Poesia Senza Fine è il secondo film di una trilogia dedicata alla vita di Alejandro Jodorowski, diretto da lui stesso. Una storia surreale e teatrale, incentrata sul bisogno di amore e sulla scoperta della poesia.
Una biografia magica
Jodorowski riprende lo stile narrativo utilizzato in La Danza della Realtà: una narrazione semi-biografica, dove elementi passati e futuri si mischiano. Una sorta di psicanalisi chiusa in un biopic, dove gli elementi dell’inconscio e le sue simbologie emergono.
Poesia Senza Fine conferma il surrealismo di Jodorowski, le sue messe in scene talvolta pacchiane, ma sempre finalizzate a esprimere il mondo interiore del protagonista e dei personaggi che lo circondano.
Attraverso questa apertura di un inconscio collettivo, Jodorowski racconta la sua giovinezza, la sua famiglia, ma anche il Cile degli anni ’40 e gli ambienti letterari della sua città. Ne espone le ansie nascoste, le paure e le aspirazioni sotterranee, forze che ne dirigono il corso degli eventi.
E ovviamente, le stesse forze che dirigono il cuore del giovane Jodorowski, interpretato da adolescente e da giovane adulto dai suoi due figli, verso il cammino della poesia.
Un passato all’ombra del presente
La storia di Poesia Senza Fine è, nonostante l’approccio surrealista della sceneggiatura, tendenzialmente lineare.
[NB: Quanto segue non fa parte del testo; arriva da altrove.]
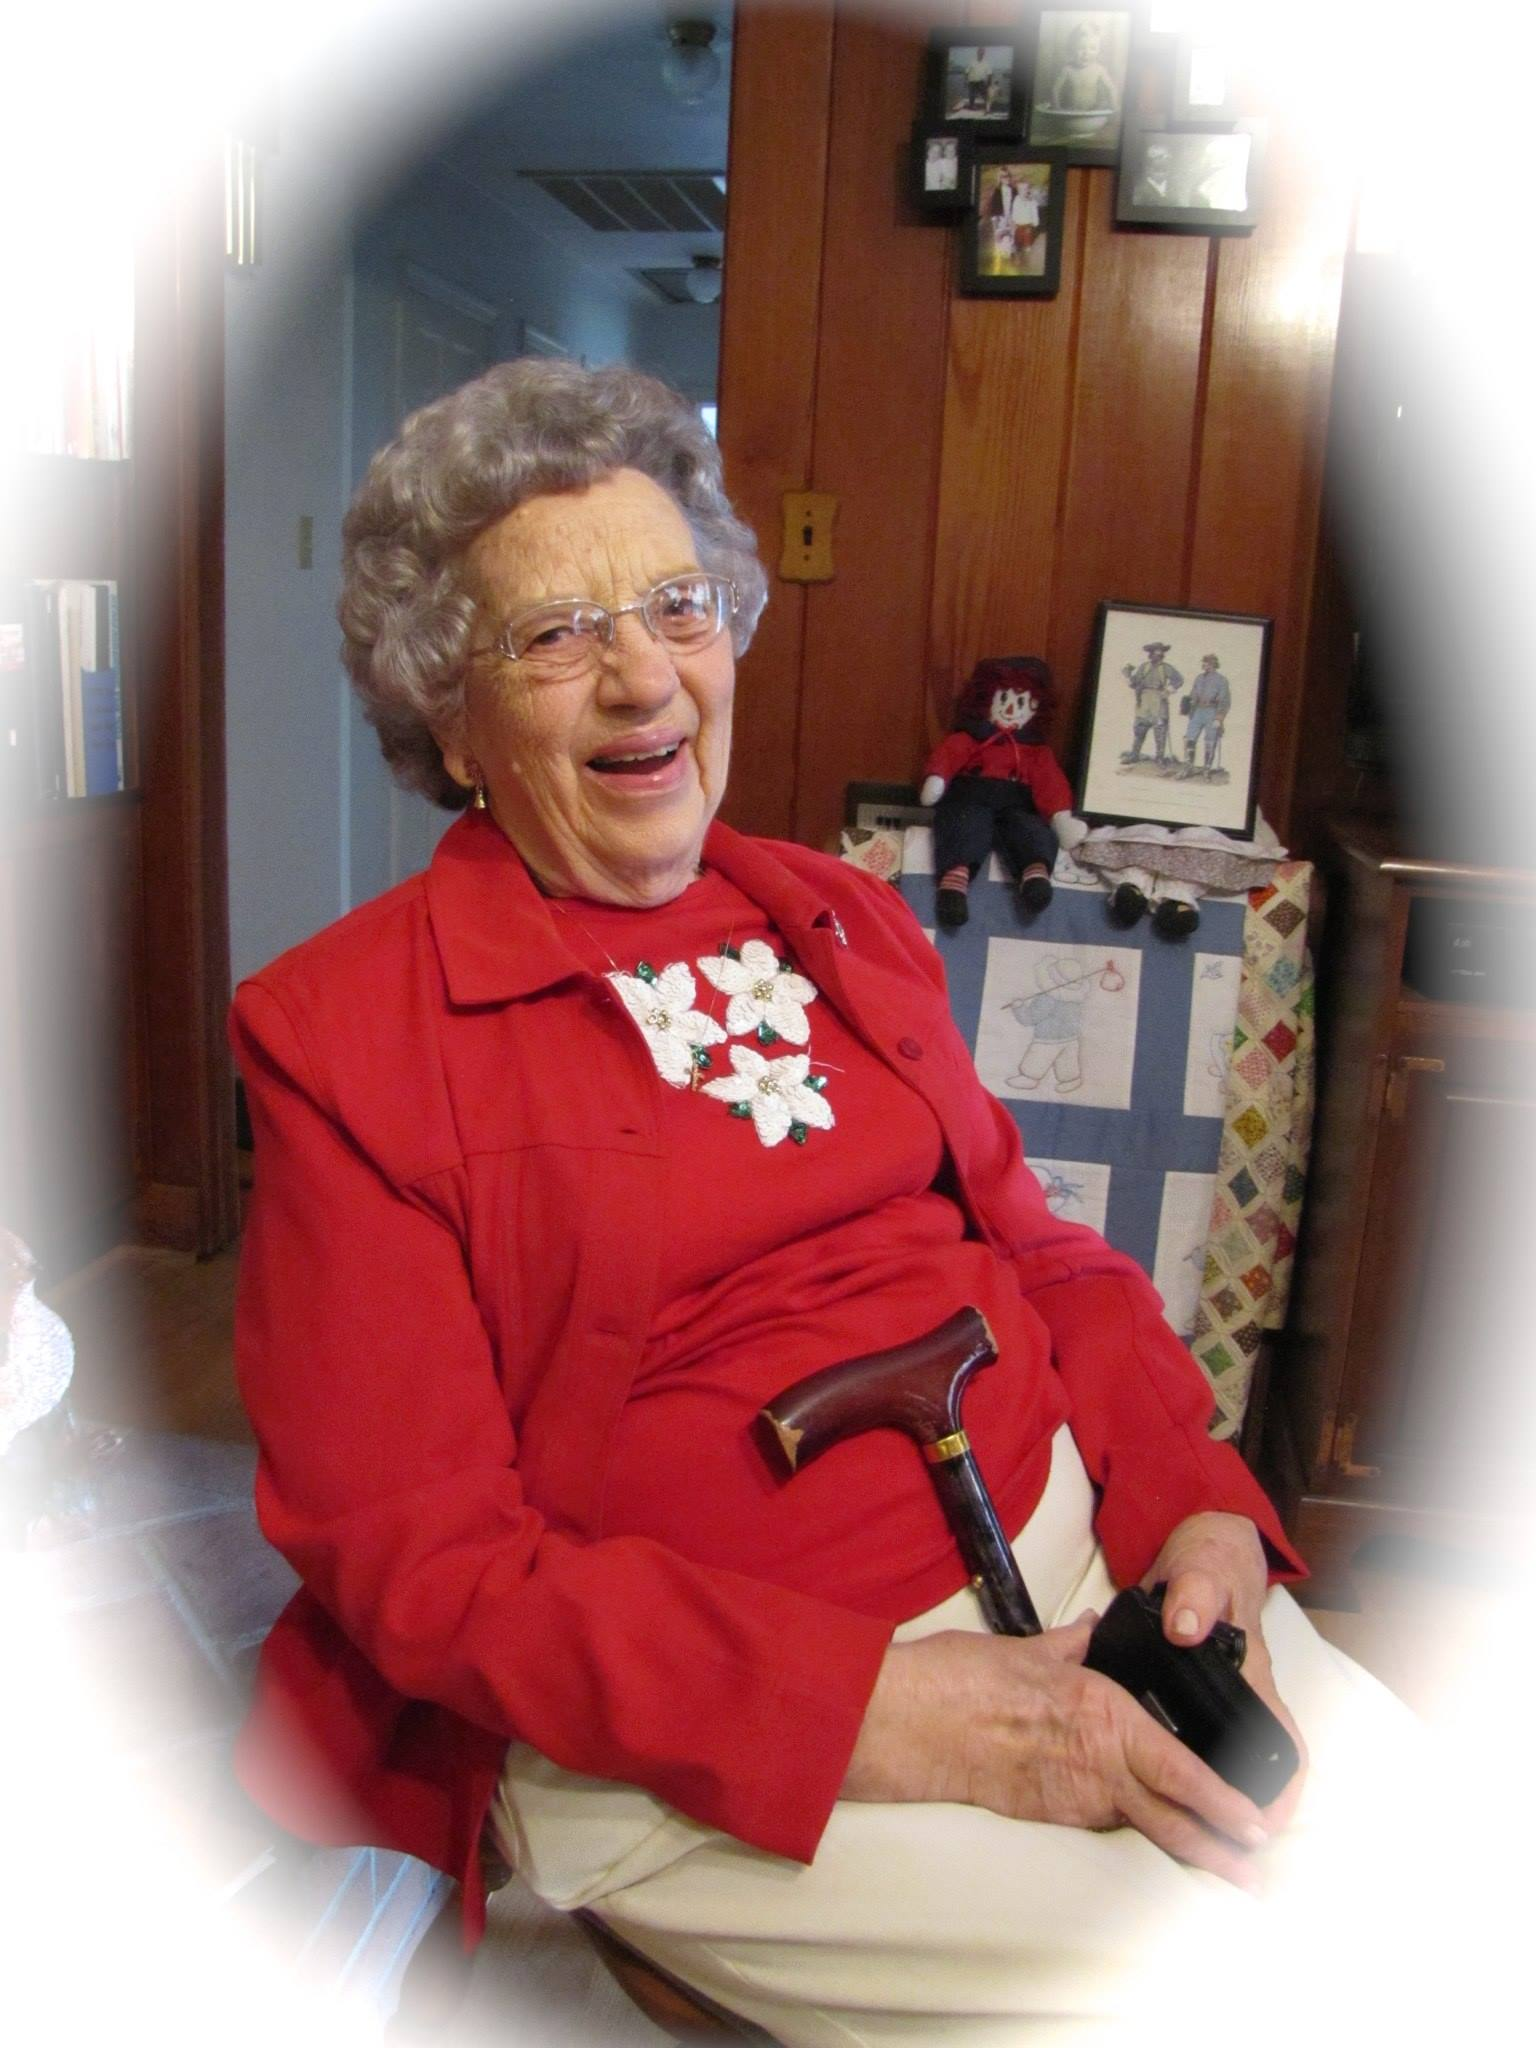 Dorothy Hubbard Chilton - October 19, 1929 – November 23, 2014

La storia che viene raccontata non ha sconvolgimenti nella causalità dei fatti e il tutto potrebbe essere riassunto in un bildungsroman, un romanzo di formazione di un giovane poeta.
Ma questa biografia non è che una riflessione sul passato, in cui lo Jodorowski presente, oramai anziano, interviene sugli eventi formativi. Ecco allora che si aprono spazi di contaminazione tra passato e futuro, dialoghi e digressioni tra la giovinezza e la vecchiaia.
E anche momenti di catarsi simbolica, in linea con i principi della psicomagia jodorowskiana: momenti che trasformano il film in un’opera di purificazione e liberazione per il regista stesso, oltre che per lo spettatore portato a immedesimarsi.
La poesia non finisce con il film
Questo aspetto di rottura temporale, questo strabordare del presente nel passato, non ha solo l’effetto di rompere le barriere dei momenti emotivamente più carichi del film. Quello che si rompe sono i limiti stessi del film: la poesia non finisce con esso.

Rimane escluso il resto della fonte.